▶ _YOUR ASSIGNMENT_: Skip the pictures and write out, word for word, the lines below from the one with "Двигатель ваз 21011 своими руками" through the one with "lauren muckler photography_fine", inclusive.

▶ _DATA FOR ANALYSIS_:
..............................

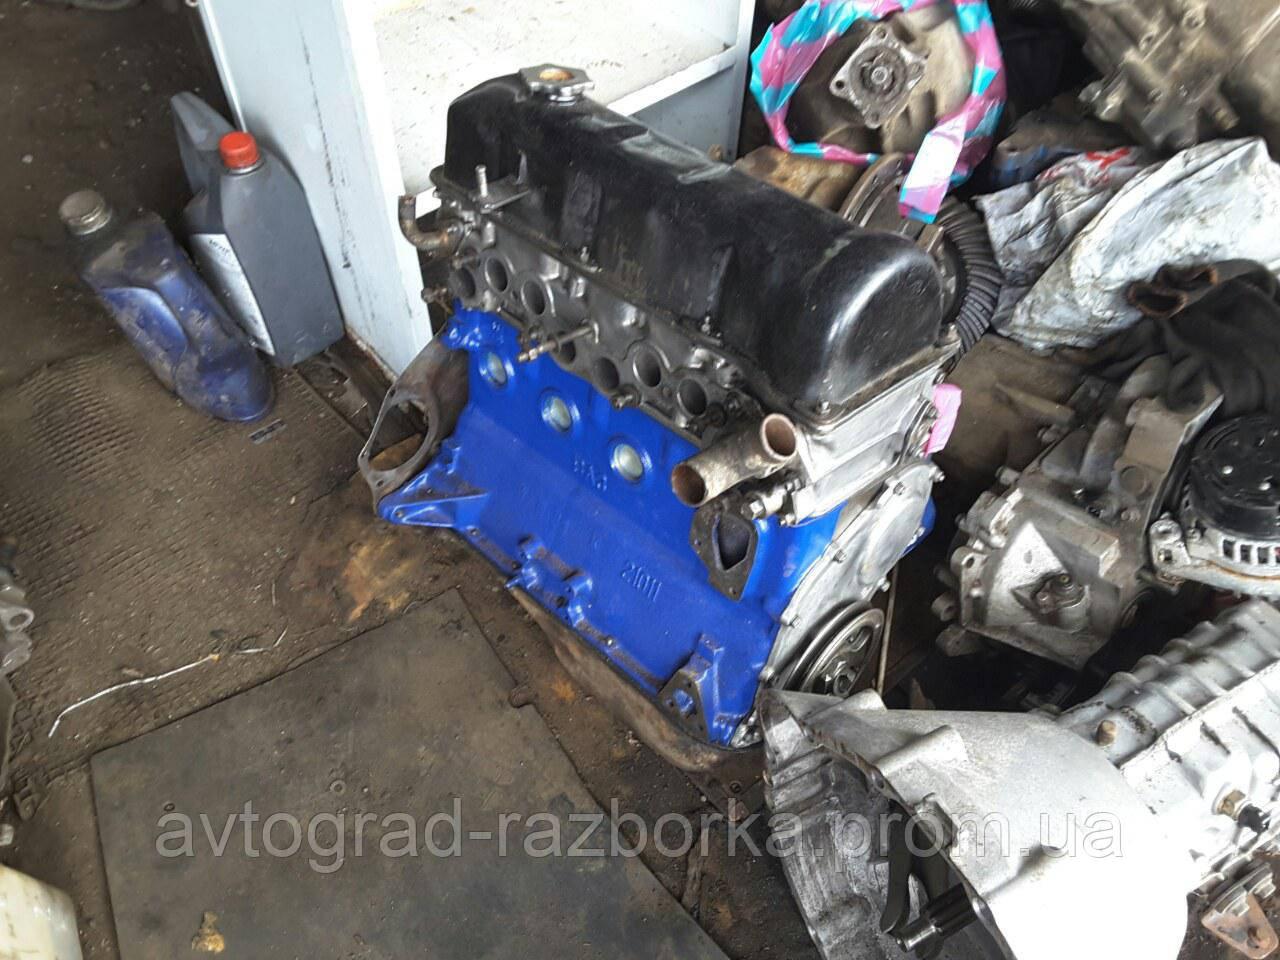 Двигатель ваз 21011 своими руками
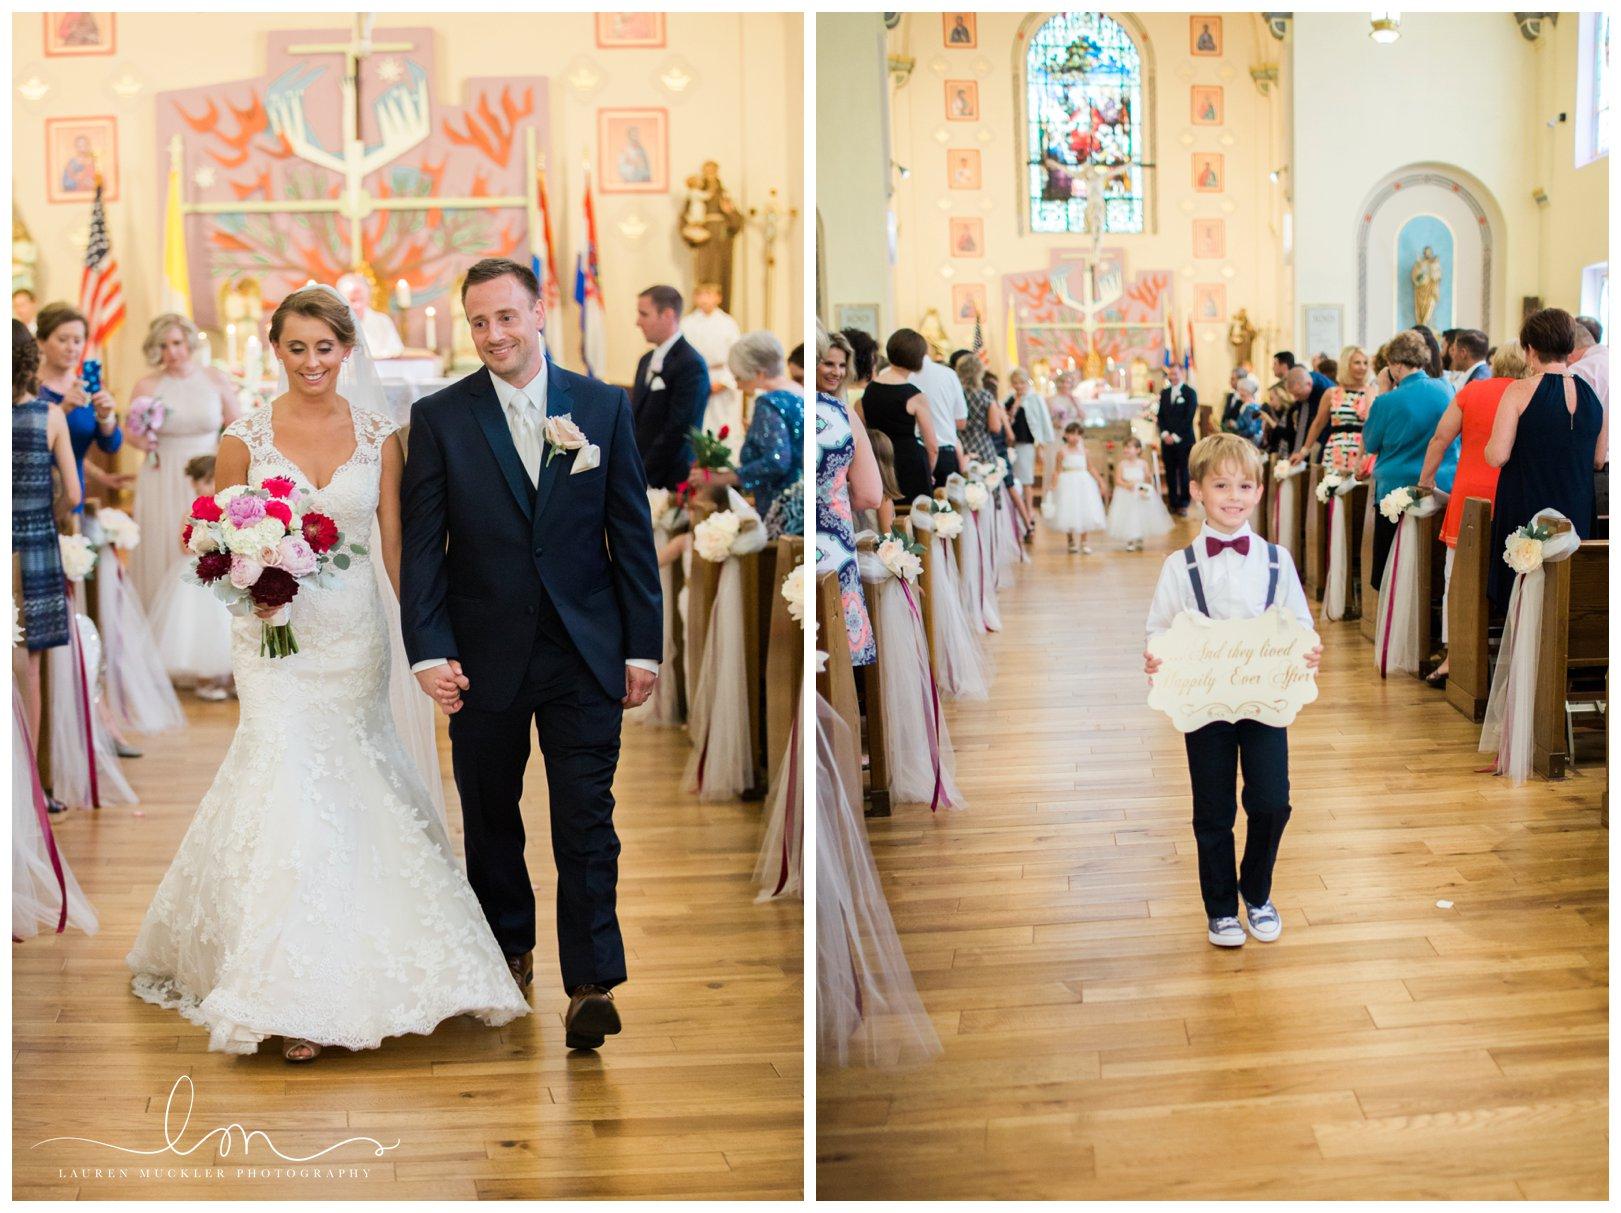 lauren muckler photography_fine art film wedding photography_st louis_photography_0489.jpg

..............................

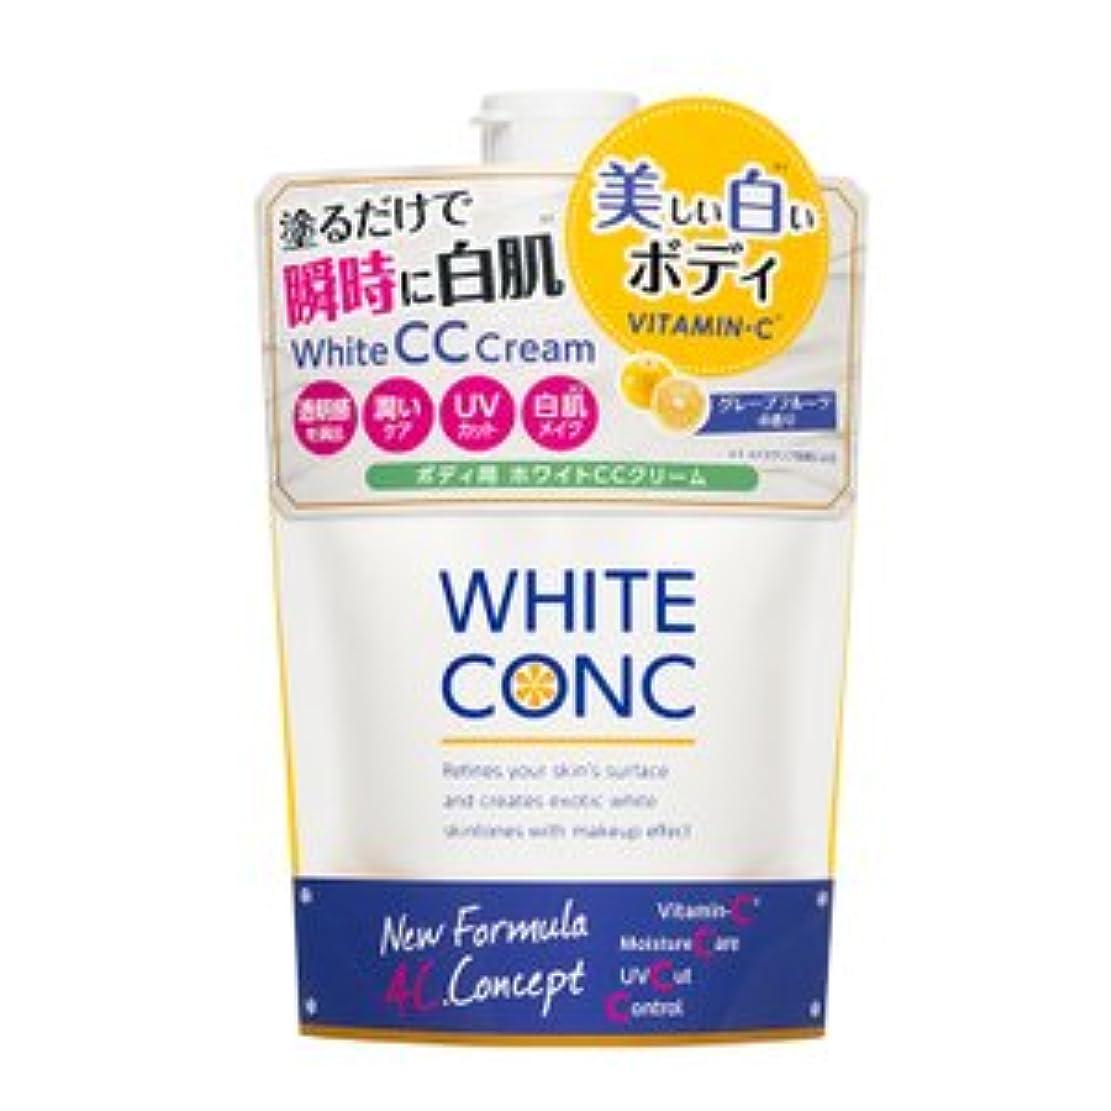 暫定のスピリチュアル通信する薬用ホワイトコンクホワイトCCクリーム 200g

..............................

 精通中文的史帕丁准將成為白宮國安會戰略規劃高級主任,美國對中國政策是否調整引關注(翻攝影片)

..............................

▶ _WRITTEN RESPONSE_:
 Двигатель ваз 21011 своими руками
 lauren muckler photography_fine art film wedding photography_st louis_photography_0489.jpg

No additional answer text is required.